By Sinan Shi, University College London, David De Roure, University of Oxford, Nikoleta Glynatsi, Cardiff University, Emma Tattershall, Science and Technology Facilities Council, Andrew Landells, University of Southampton, Chris Gutteridge, University of Southampton, Gary Leeming, University of Manchester.

This post is part of the Collaborations Workshops 2017 speed blogging series.

Challenges of understanding risks of privacy within a socially connected infrastructure are not well understood and constantly changing. Personal information can be private but still be accidentally shared by others and made available more widely. One of the largest challenges for privacy is the lack of understanding of what that data could be used for now, and as more data are collected and made available future purposes become even more difficult to predict. Often, seemingly innocuous data sets can be used to derive more private data, such as the waking times and other habits of Twitter users. Privacy regulations change, while terms and conditions around privacy are generally protective of the company collecting the data rather than the individual. The recent change in US law to permit ISPs to sell the browser histories of their customers demonstrates that what we understand now can change quickly.
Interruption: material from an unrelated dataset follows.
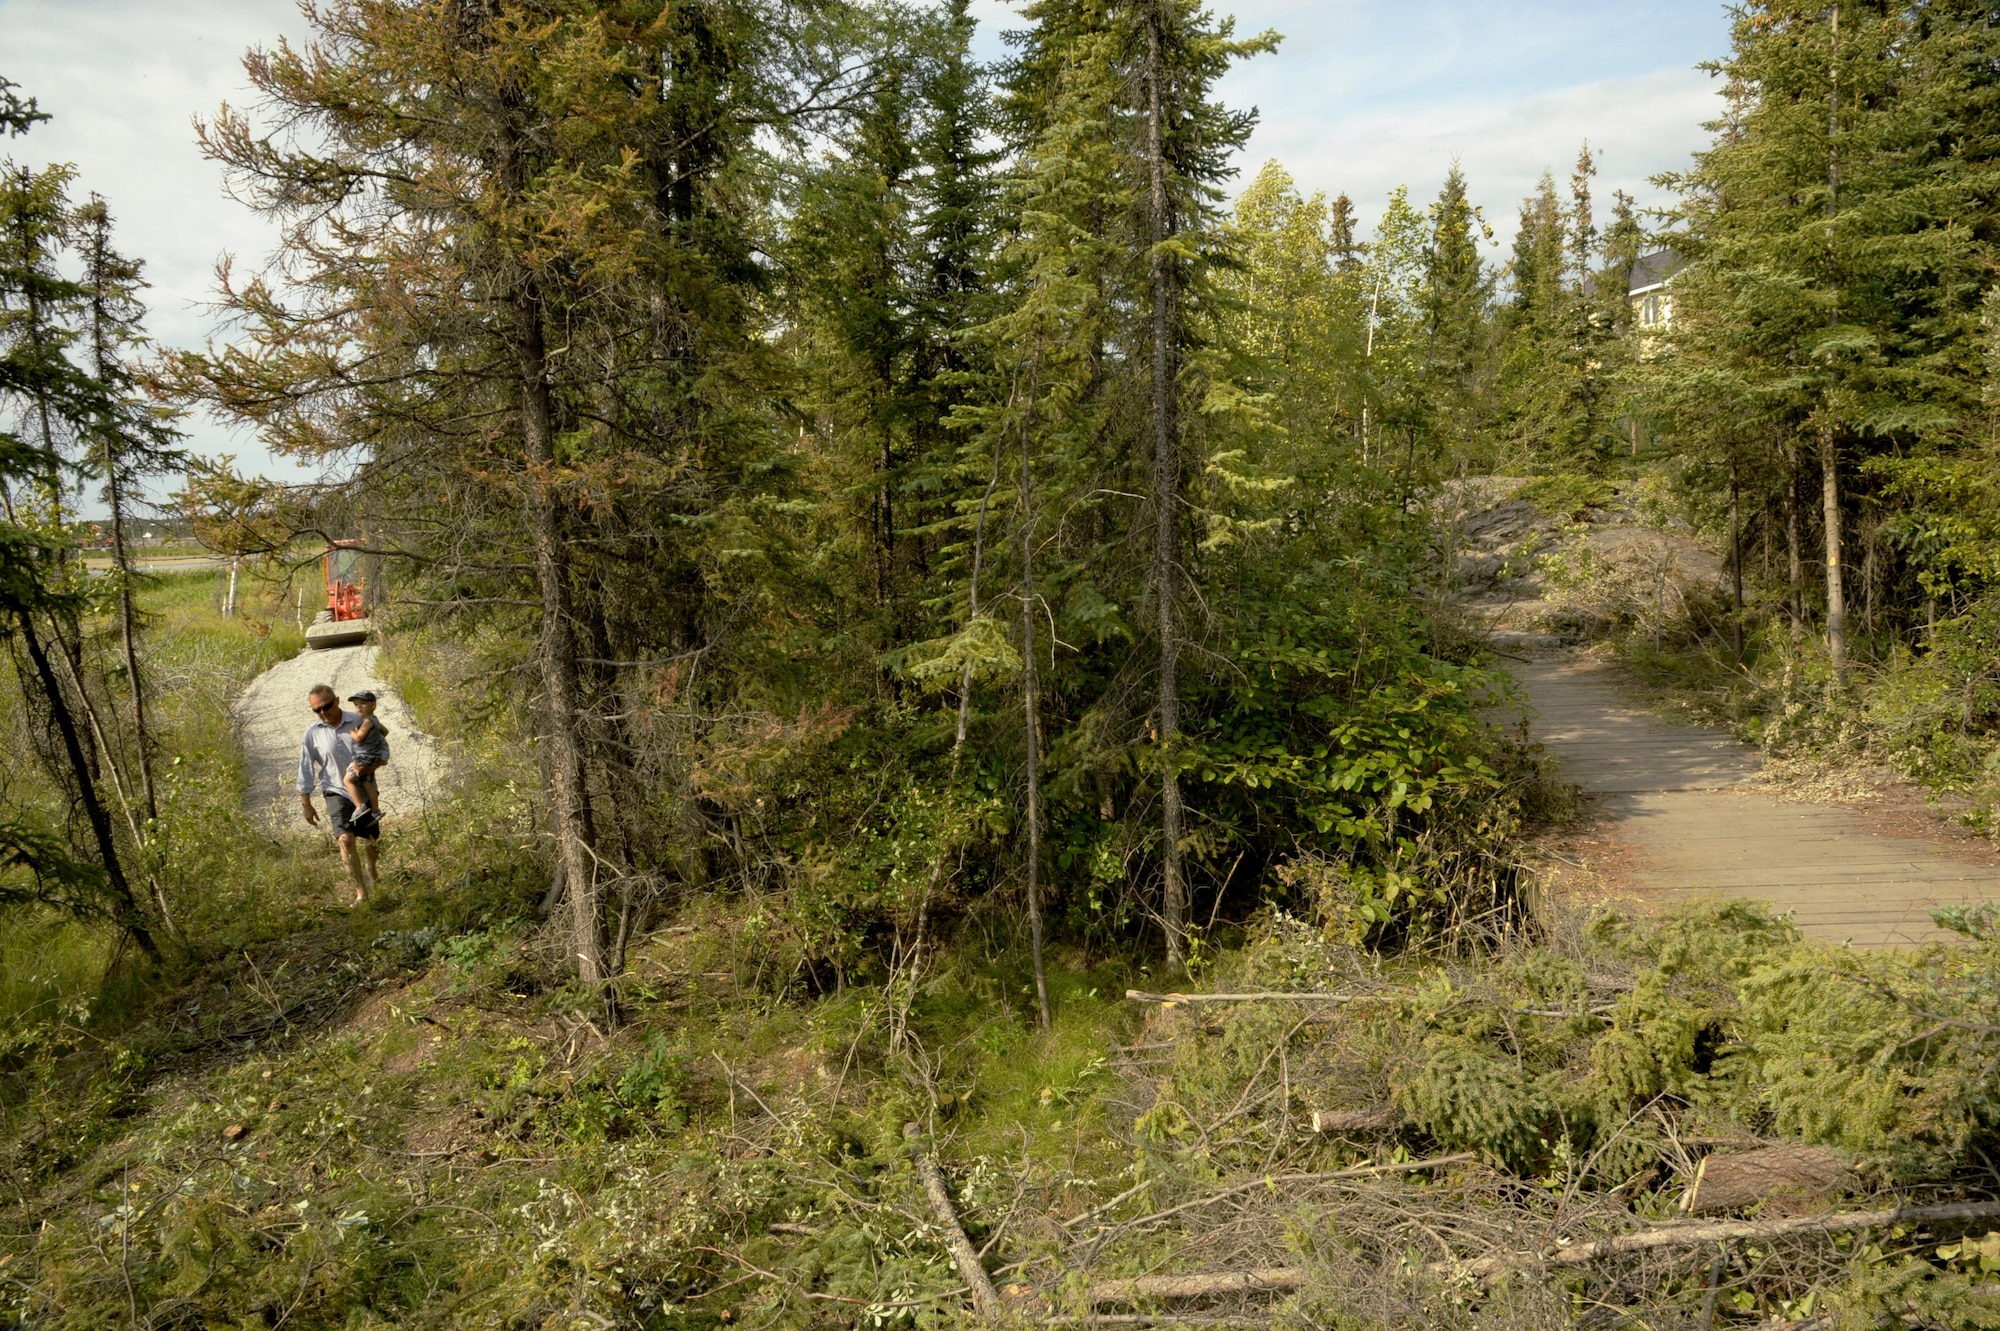 Oregon Air National Guardsmen from the 142nd Fighter Wing Civil Engineer Squadron, Portland, Oregon, work to construct a new pedestrian friendly trail (picture left) at Niven Lake in Yellowknife, Northwest Territories, Canada during their two-week Deployment For Training, July 21, 2017. The Oregon Airmen are also collaborating with Canadian Armed Forces members from Cold Lake, Alberta, who are also deployed to Yellowknife for training. (U.S. Air National Guard photo/Master Sgt. John Hughel, 142nd Fighter Wing Public Affairs)

 As societies and attitudes change, understanding how our data could be linked and used can be difficult. At this stage, many services come and go we do not know what data will be permanent and available, how could be linked to other data sources and impact our future. Sometimes this may be positive or negative: knowing that we grew up in an area with low air quality could affect our ability to access health insurance or it could help us to target interventions that save lives.  

When it comes to data about people, there are two types; personal data with names attached and anonymised data. While we mostly worry about and regulate the first category, the second is also of tremendous value for training machine learning and algorithms, especially by the big companies in this space such as Google and Facebook, and carries risks of re-identification when linked with more personal, public information.

With IoT, the data is often not personal and both the collection of data and the risks not always obvious. For example, flood monitoring systems could be hacked in order to modify insurance premiums or house prices and collection of images of traffic could be used to track individuals movement without consent.  

This issue is exacerbated by Internet of Things (IoT) devices as more and more data is harvested, and often people have no control over their data being collected and what it is used for. This was clearly demonstrated by the recent London Underground survey of passenger journeys derived from watching mobile phone MAC addresses travel the network. Despite being a reasonably innocuous study, there was concern amongst the travelling public that this data was being collected, and it is clear that, while this data could be used to support better design of the transport system there is also a possibility that this data could be used to support advertising decisions to generate revenue for Transport for London. Offering additional services in exchange for this data would likely be one way to start enhancing the information about individuals and increasing its value.

Linking IoT and social platforms creates new online structures that enable and mediate social, economic and cultural interactions on a large scale. Originally an optional extra, platforms now mediate everyday life for many citizens, and yet people are not afforded the same agency and rights that they expect in the "real world", while the platform providers may profit disproportionately from the collective value. With IoT and AI, we anticipate social platforms extending to human-machine collectives at greater scale and with greater automation. Questions of how an ecosystem of different IoT-enabled platforms can afford trust and choice and how we can ensure public oversight and regulation of this data may already be too late: The convenience of free services is accepted in exchange for an unknown future.

However, it is fair to recognise that the Open Data and IoT communities, whether commercial or voluntary, do understand the need for trust and, learning from the experience of the internet and social media, that the impact of the loss of trust can be hugely impactful. The NHS care.data programme, with the stated purpose of bringing together data from across the NHS to support improvement in care, floundered through being unable to properly demonstrate how it can be trusted as a solution. Conversely, solutions such as the Estonian government’s use of blockchain as a public audit of all uses of citizen data has enabled an environment where all aspects of government can be managed digitally. Standards for demonstrating trust and permission will be essential for the IoT and Open Data communities.

 Finally we note that this is an evolving topic that will change and adapt as more is understood about the effects data sharing and IoT will have on social behaviours: Uber drivers use the passenger app to recover their agency as drivers, homeowners leave crime unreported or block sensor readings which may affect property values, alternate devices are used to hide locations and behaviours. Humans are creative and subversive, and machines will reflect this ability as they become further integrated into our lives.